It was fear and desperation that caused Sarai to give Abram bad advice and caused him to marry her maid Hagar, who then bore him a son called Ishmael. YET, God was not in this decision. He allowed it but it does not appear that he approved. He told Abram that his plan to make him a Father of many nations through a son that had not yet even been born and from Sarai’s womb was still underway and would not be thwarted by the fact that Sarai and Abram had desperately tried to take matters into their own hands.
Given that faithlessness, fear and desperation are where the devil operates, he has been using the mistake that Sarai and Abram made in their desperation, even up to today, resulting in ongoing upheavals between the Israelites and the Ishmaelites (Arabians).
The worst thing that someone can do for you, even if they mean well is to recommend someone for you to be with based on desperation and fear and not faith. It is my view that, should a relationship ensue from this, the results will be disastrous because God is not in the midst of anything birthed through faithlessness.
4. MATCHMAKING IS FORCED AND CONTRIVED, WHEN THE BEST LOVE STORIES ARE SUPPOSED TO FLOW
When God, who is the best matchmaker is put on the backburner and a human being is on the frontline trying to engineer a relationship between two individuals, it feels forced, when a love story is supposed to flow.
It is so much more romantic to hear about how two Christian people came to meet each other without any deliberate human involvement or strategy and solely through the supernatural power of almighty God.
I tell you, when we leave everything in God’s able hands, he crafts us a beautiful love story from start to finish and it just flows, beautifully.
Imagine how a mind-blowing story and testimony of how two Christian people met with only God’s intervention, compares to a boring and stale story that a couple met each other because so-and-so felt they would be good together and introduced them, in the hope that they would eventually marry.
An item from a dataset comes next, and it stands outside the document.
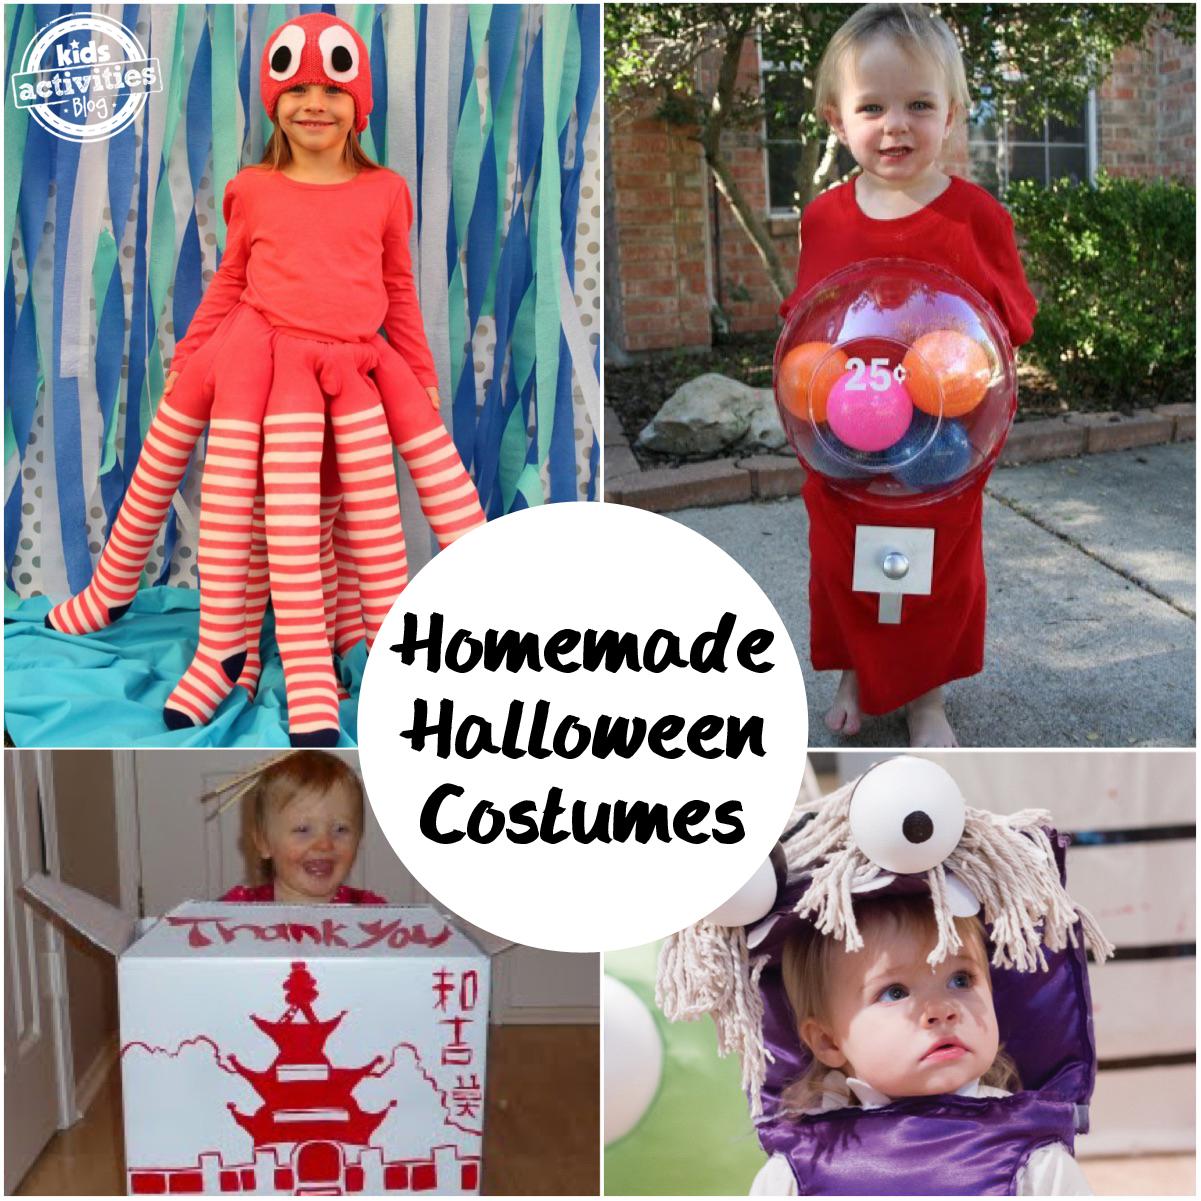 Homemade Halloween Costume.Homemade Halloween Costumes

This may not be a big deal to some people but it is for me. I want the way and time I meet my future spouse, to be the brainchild of nobody else but God. I want to see what will happen without human interference.
I want a love story that flows from beginning to end and it can’t flow if it begins in the mind of a third party, before we have even met. If it begins in the mind of the Lord, I can put confidence in that. If it begins in the mind of a common friend, I have no way of knowing who inspired the thought, whether God or the devil.
For love stories to flow as opposed to being forced, I believe that they should start in the mind of God, not a human being. Let him be the author and the finisher of that union, not a human being.
There is something exciting about just leaving things alone and seeing what will happen and who you will meet. God is perfectly able to orchestrate whatever he wants.
I think that where a third party has meddled and contrived and strategized to bring two people together, if they do end up together, whether things work out well or it is an utter disaster, the individuals in the relationship may always ponder as to how their lives may have otherwise turned out and who else they may have met, had it not been for the person or persons that orchestrated them being brought together. In other words, they may find themselves wondering what may have happened had nature taken its course and who they may have met had they waited on God’s timing and his perfect will and had they trusted him (not a human being), to bring them someone.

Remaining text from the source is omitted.